**Data listing**
= Beginning of Section =

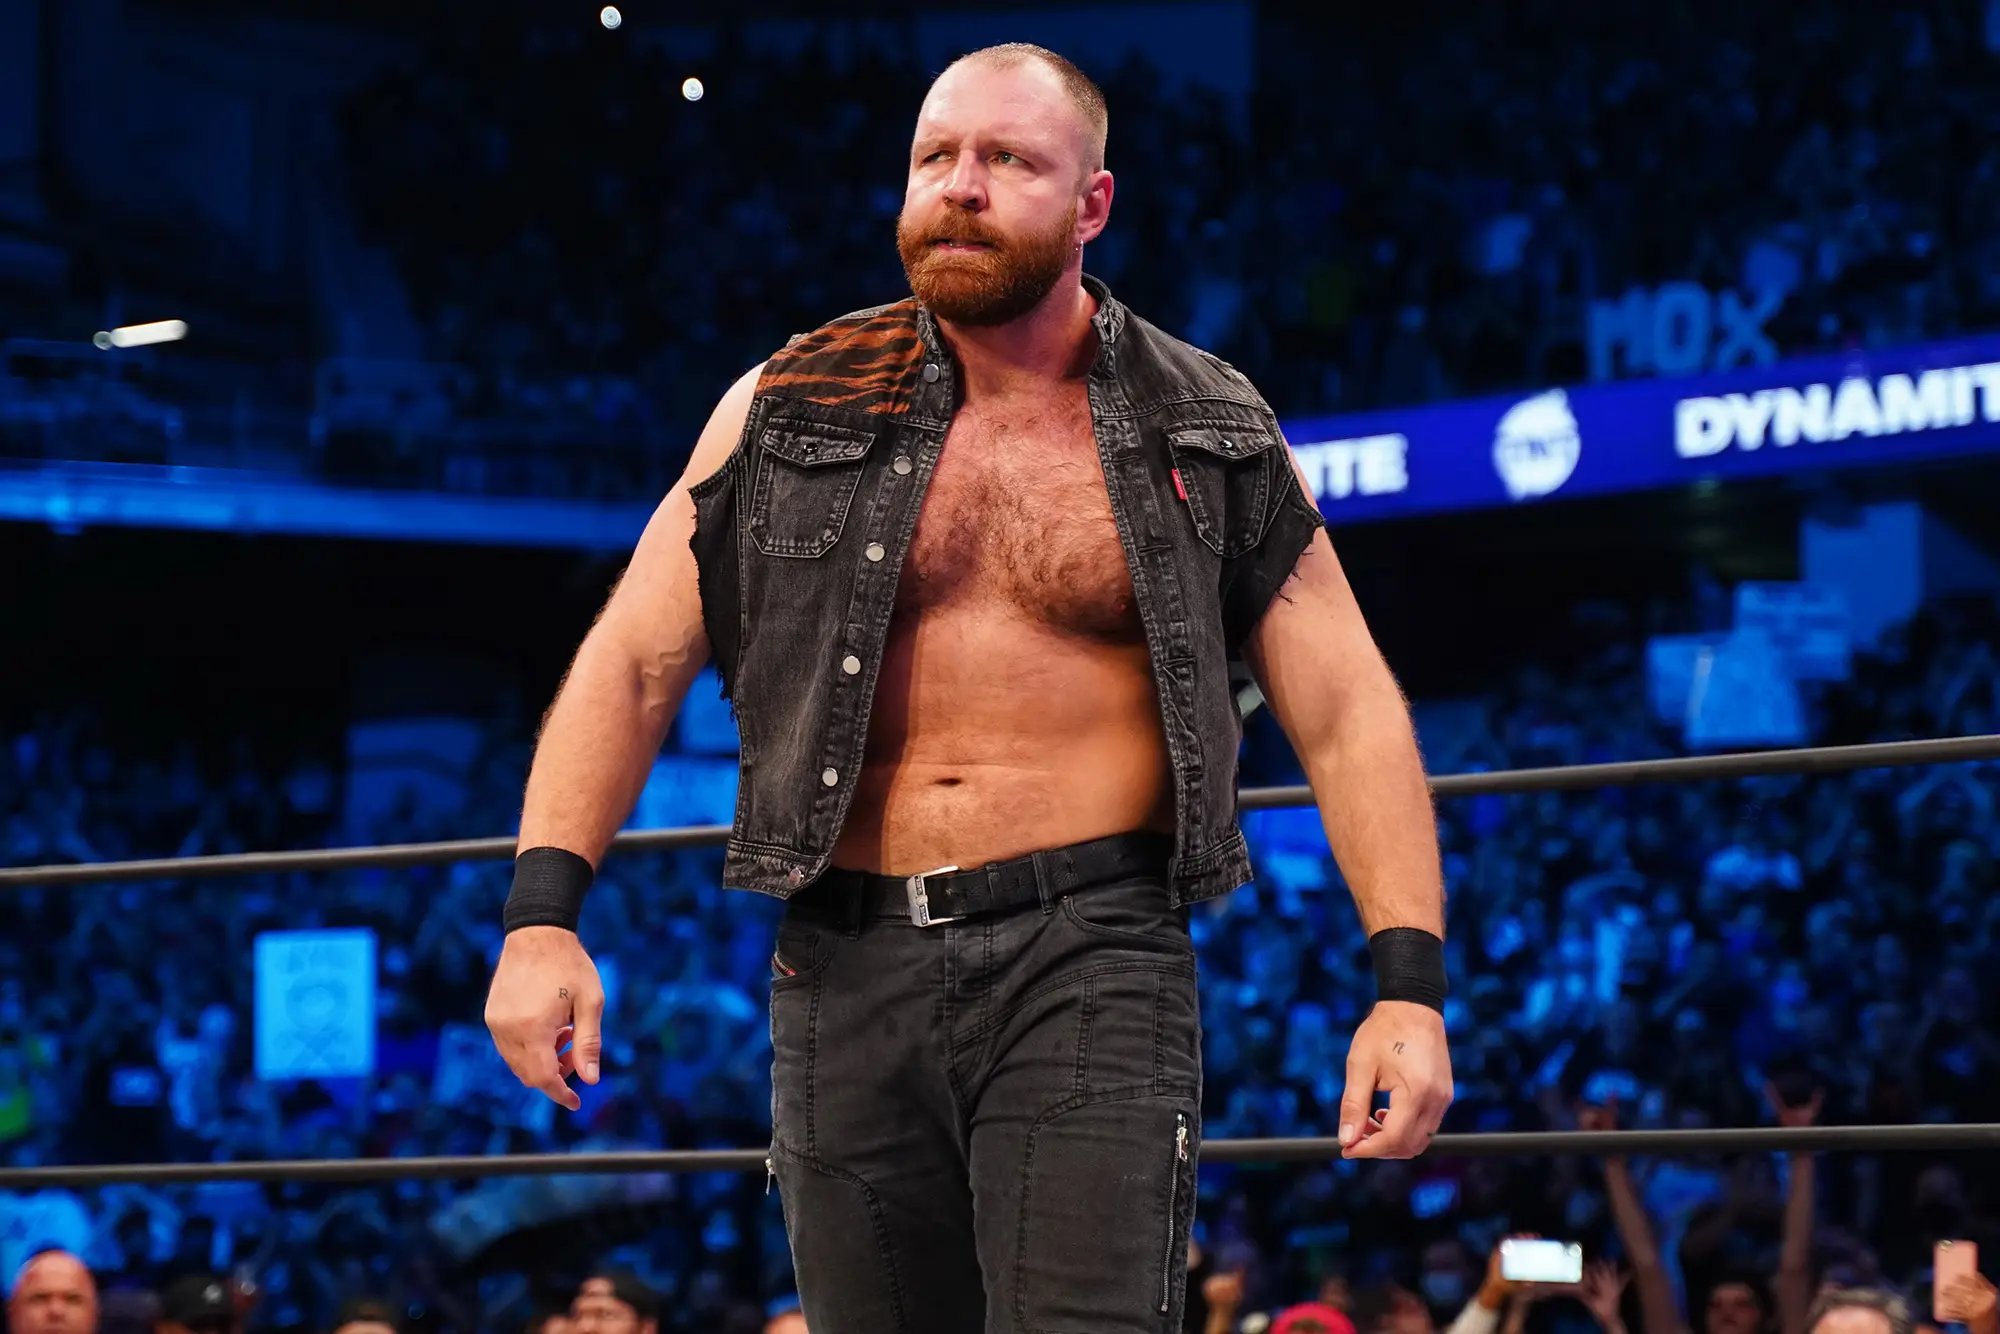 Tony Khan Praises Jon Moxley as One of the World’s Top Wrestlers
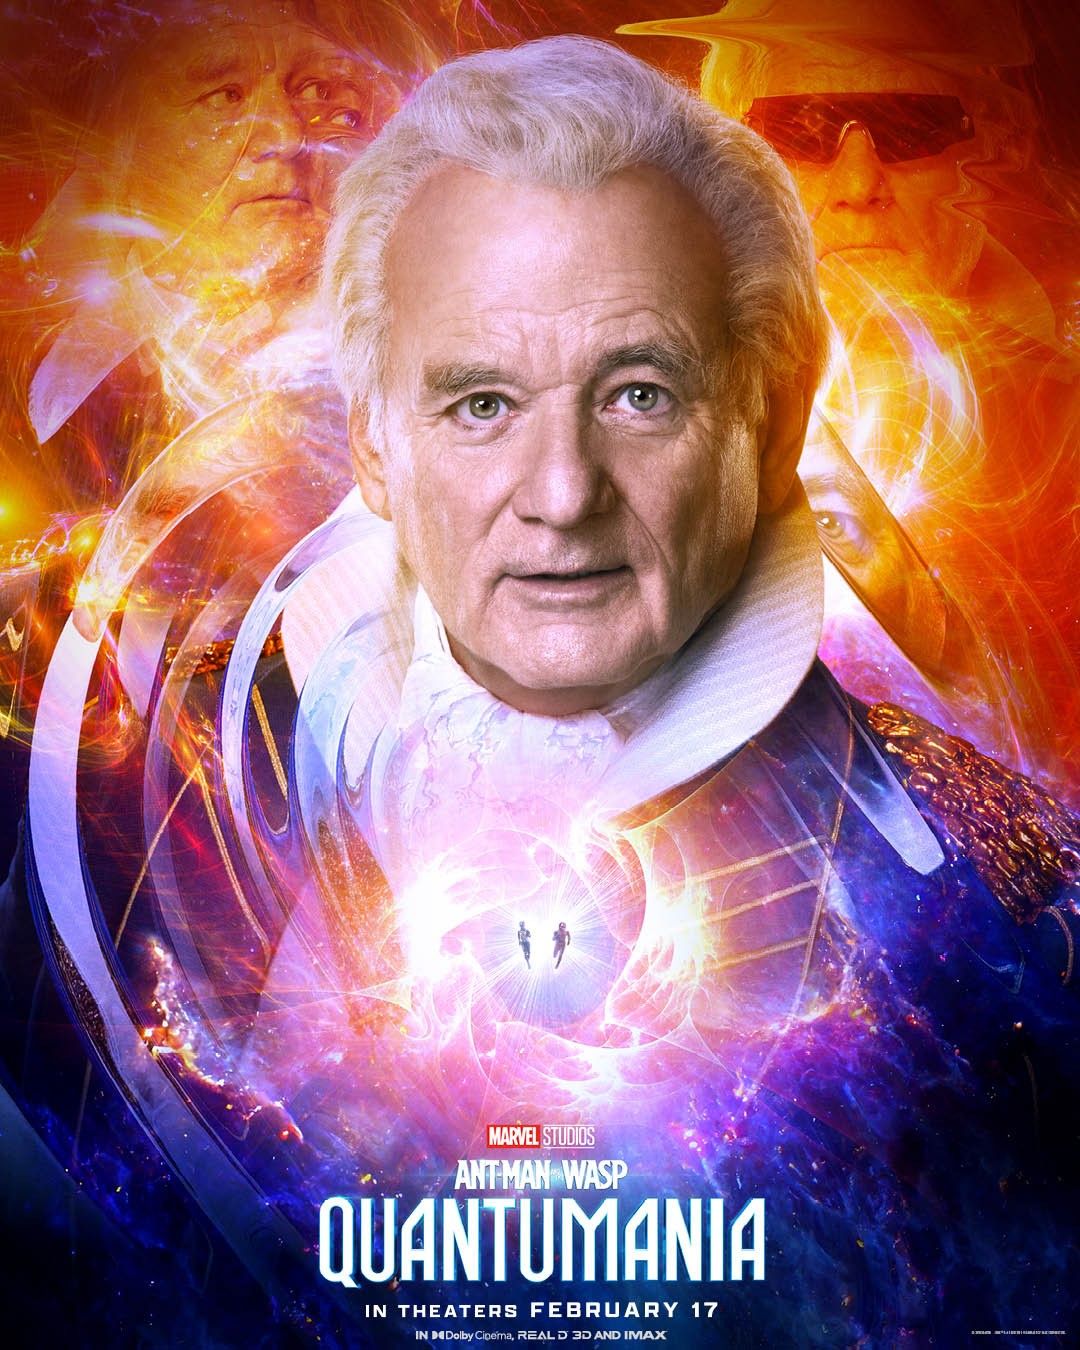 Bill Murray as Lord Krylar on his own Ant-Man and the Wasp Quantumania poster
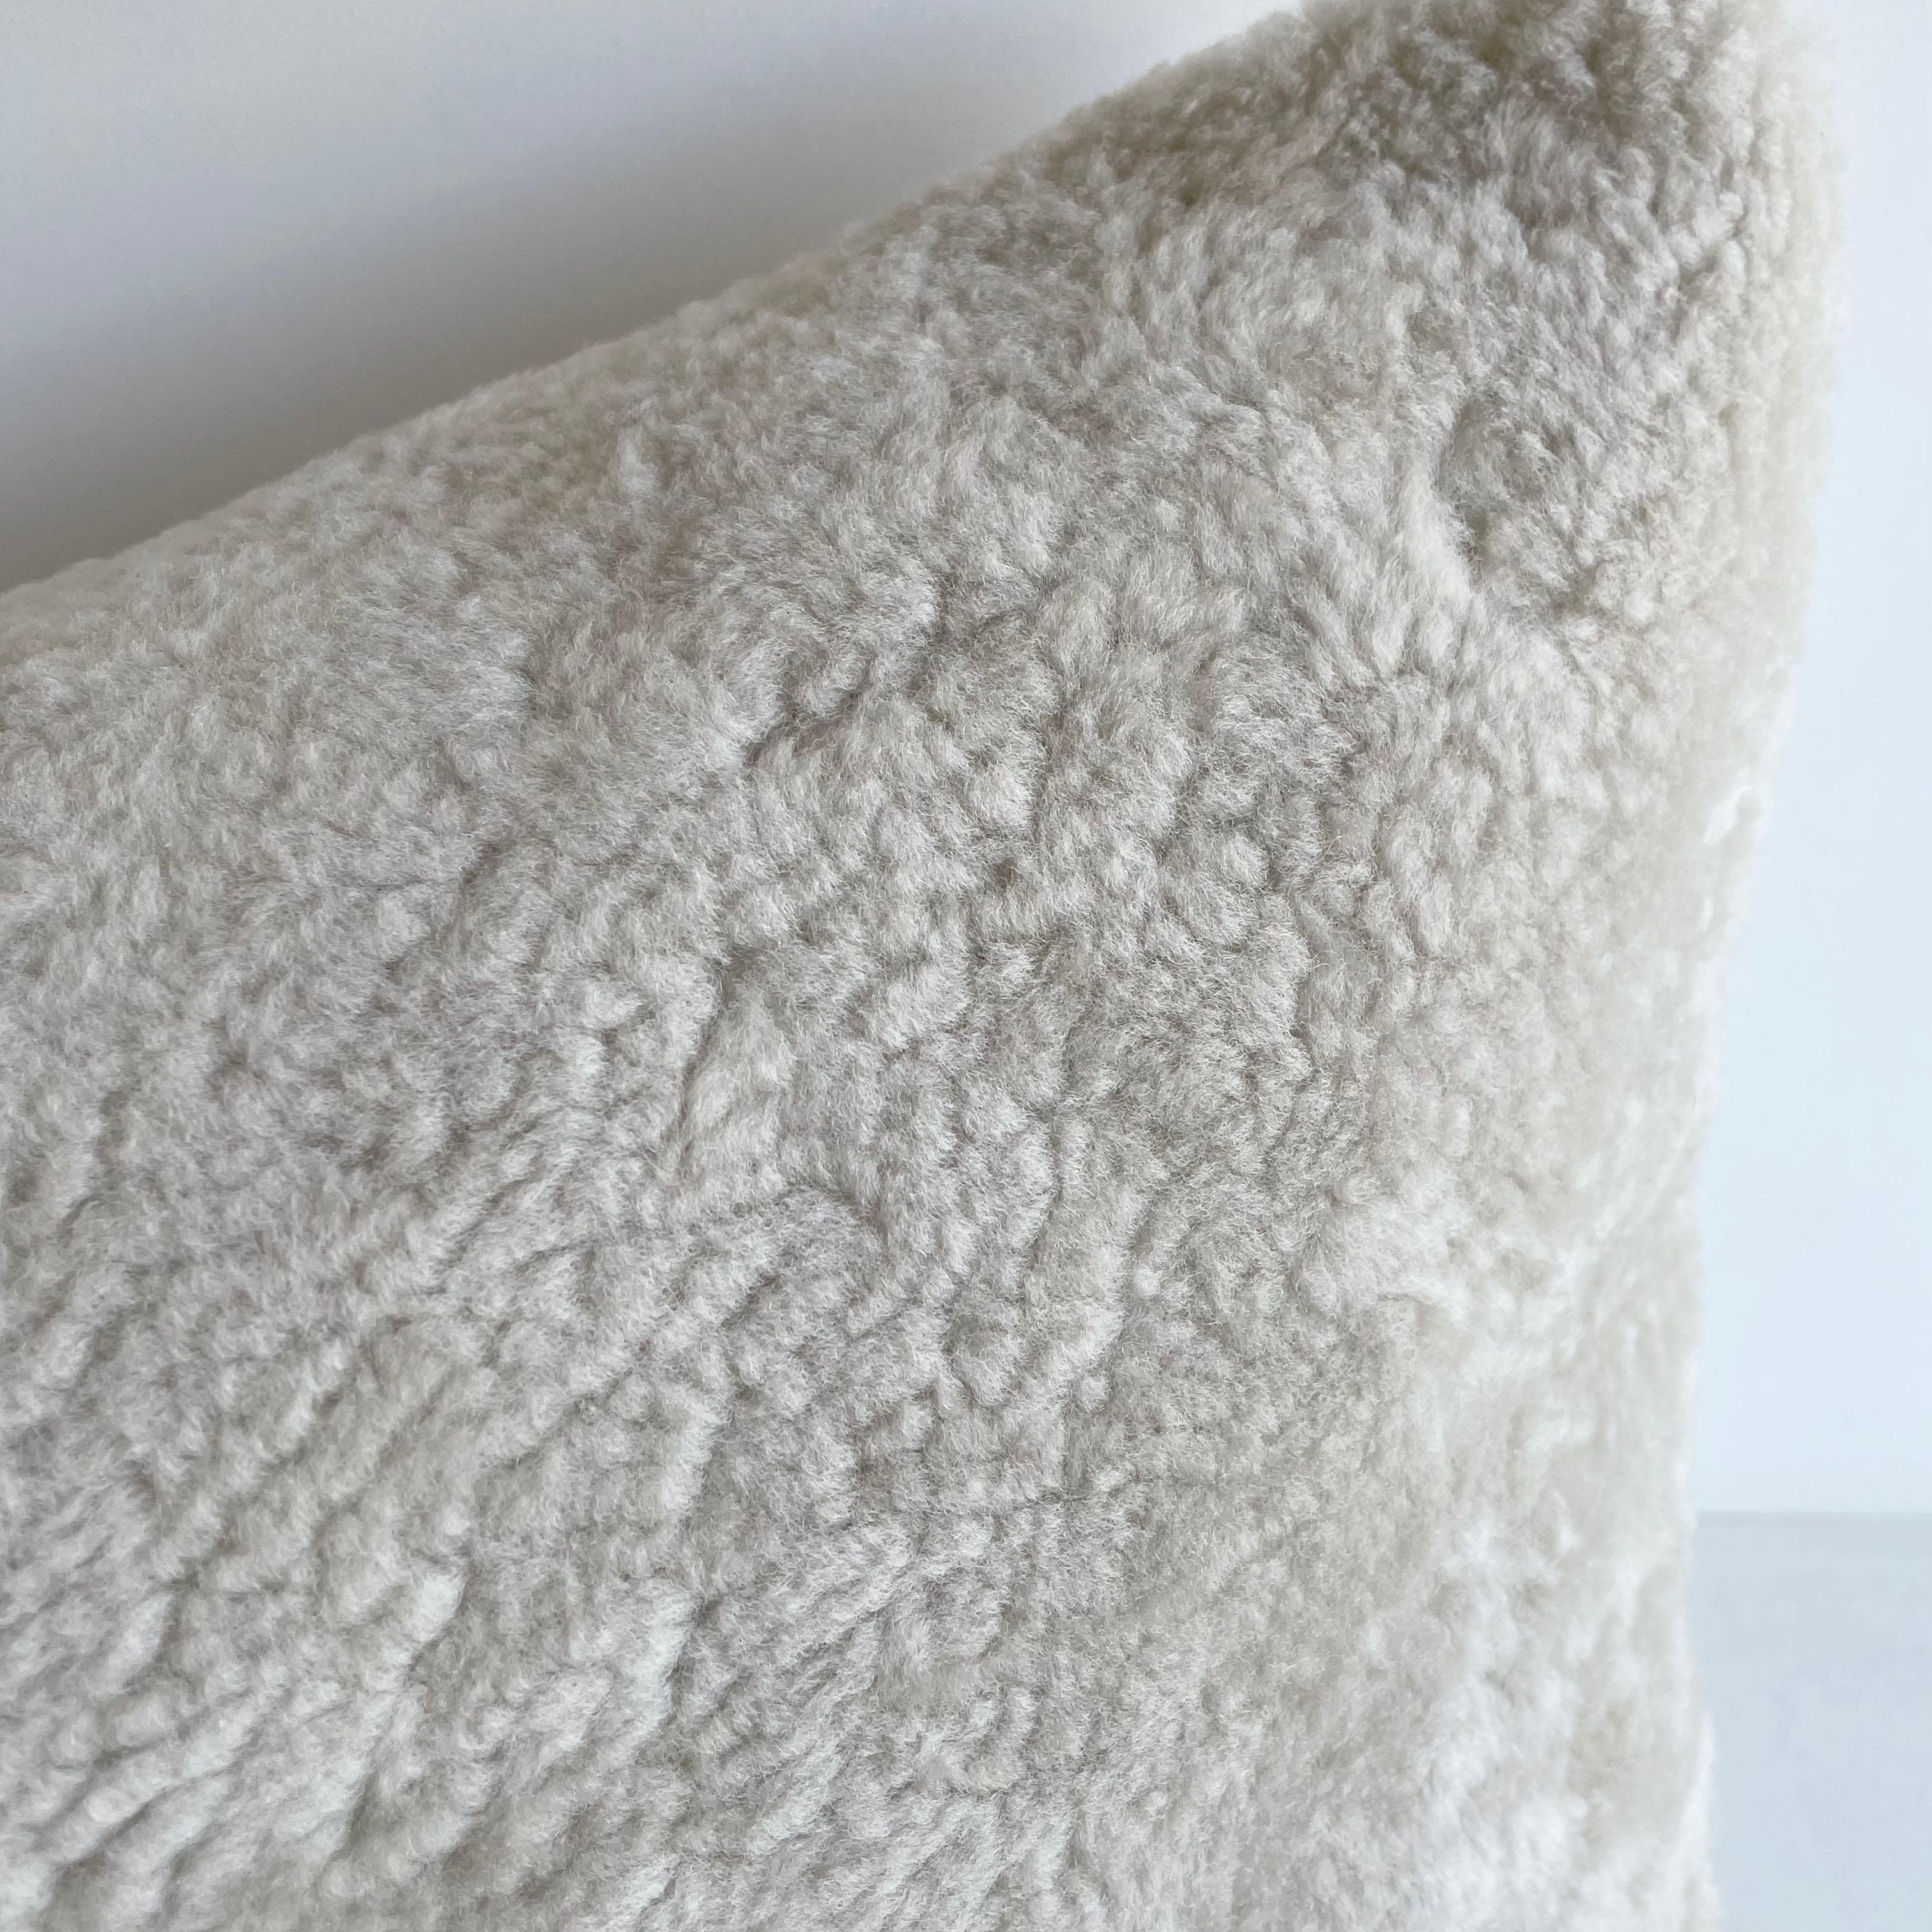 Beautiful custom made real shearling sheep lumbar pillow in natural color DOUBLE SIDED for ALL PILLOWS
Sizes: Natural Sherpa
(1) 14

= End of Section =

**Requirement**
Reproduce verbatim, and only, the lines starting at the one that contains "Bill Murray as" and ending with the final line of the records; leave out the pictures.

**Output below**
 Bill Murray as Lord Krylar on his own Ant-Man and the Wasp Quantumania poster
 Beautiful custom made real shearling sheep lumbar pillow in natural color DOUBLE SIDED for ALL PILLOWS
Sizes: Natural Sherpa
(1) 14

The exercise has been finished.